Start Learning a Musical Instrument Today
Music is a language. Instruments are its speakers. What they say is up to you. Many children start to learn an instrument at a very young age. They are ushered into music classes by their parents, practice daily based on instructions from their teacher, and excel after many months and years of adherence. If you are wishing that had happened to you, it is far from too late to learn. You can start today by learning sheet music, picking out an instrument, and practicing a song.
I have taught piano to children and adults for years. My own musical studies sprung from my own self-interest in middle school. We were placed into different music classes, and I happened to be given the keyboard. I fell in love with it and inquired with my teacher about lessons outside of class. From there, it was a wonderful journey. Despite starting later than most, I also persisted longer than many other piano pupils, and am glad I did
More than ever, the world around us encourages instant results. From same-day deliveries to streaming entire seasons of a show in one sitting, we have trained ourselves to expect things to happen right away. Music is very old-fashioned; long-term dedication is the only way to achieve results. The first step in learning this language is determining which instrument you want to use for speaking its melodic vocabulary. Borrow instruments from friends, try them out in music stores, and watch as many performers as you can to help you decide which one speaks to you.

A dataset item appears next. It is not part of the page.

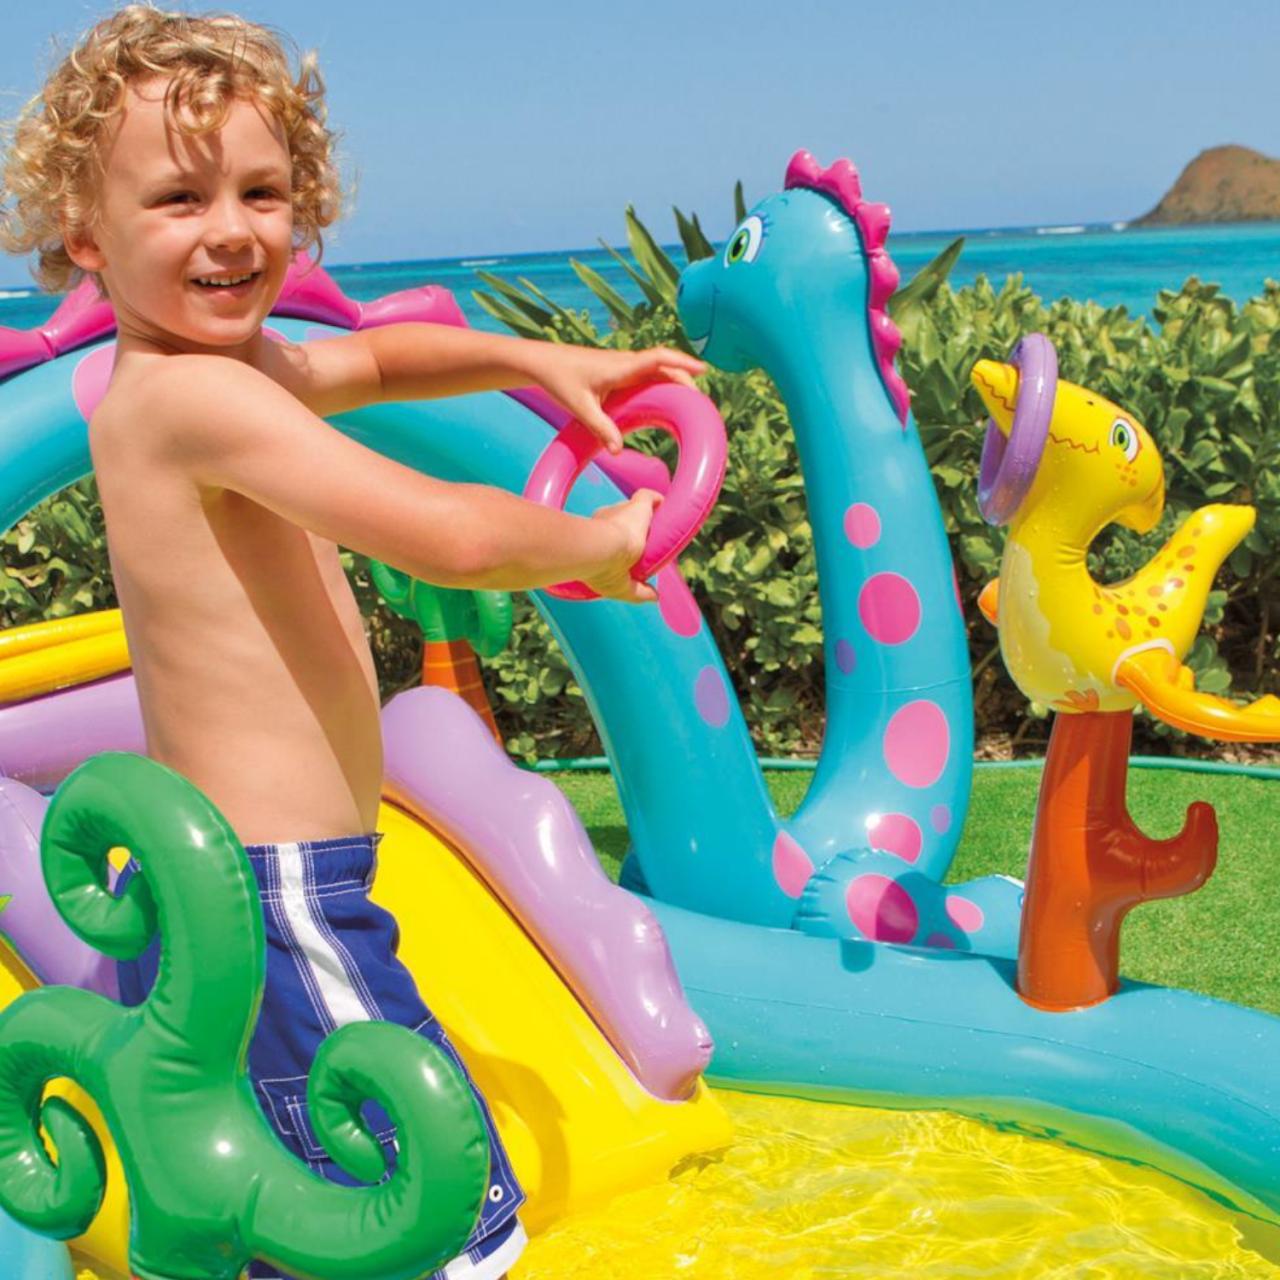 Intex 57135 Play Center Dinoland Planschbecken Pool Wasserrutsche +Bälle

Learning the sheet music that parlays said music is no easy task, but it is one you can start at this very moment. There are a wide array of music apps and online resources for educating yourself on sheet music. Even before you have your instrument, you can take this first step before you even finish this article. Devote at least 15 minutes a day to these apps and websites.
From there, the next step is to focus on the beauty inherent to music. Look at it not as a chore, but rather as a form of meditation. When you are playing a song, you are embracing the world’s beauty and clearing your head of negativity. Pick out a song for that instrument that you already know and love. Find something that evokes a response from you when you listen to it; whatever that piece is, make sure it is one that you find beauty in. Classical works have sheet music readily available online at various levels of difficulty, whereas pop songs will likely have to be purchased for a few dollars.
Now comes the daunting challenge of actually playing the music. When learning on your own, the ideal approach is to tackle songs in digestible chunks. How much of a song to start with depends on your own comfort and abilities. It may be as little as a few notes, as much as the entire page, or anywhere in between. Music is not a race – learning a song quickly but sacrificing accuracy and technique is not learning a song at all.
Practice that selection of notes daily, maintaining a slow speed while maintaining accuracy and proper technique. Even if that means moving at an absurdly slow tempo, accuracy and technique are always paramount. With this proper practice, you will notice steady improvement in all three categories, including speed. As you continue to practice each day and gain comfort with that section, add on another section of the song. An instructor is valuable primarily for helping you with your technique and catching oversights in accuracy. If possible, try to arrange lessons with an instructor at least once a month to monitor your progress.
As you continue your musical journey, incorporating theory studies will help you better understand the chords and structures you are encountering in the songs you play. Like learning and maintaining any language, studying music is a lifelong journey with daily practice. It is never too late and always worth it.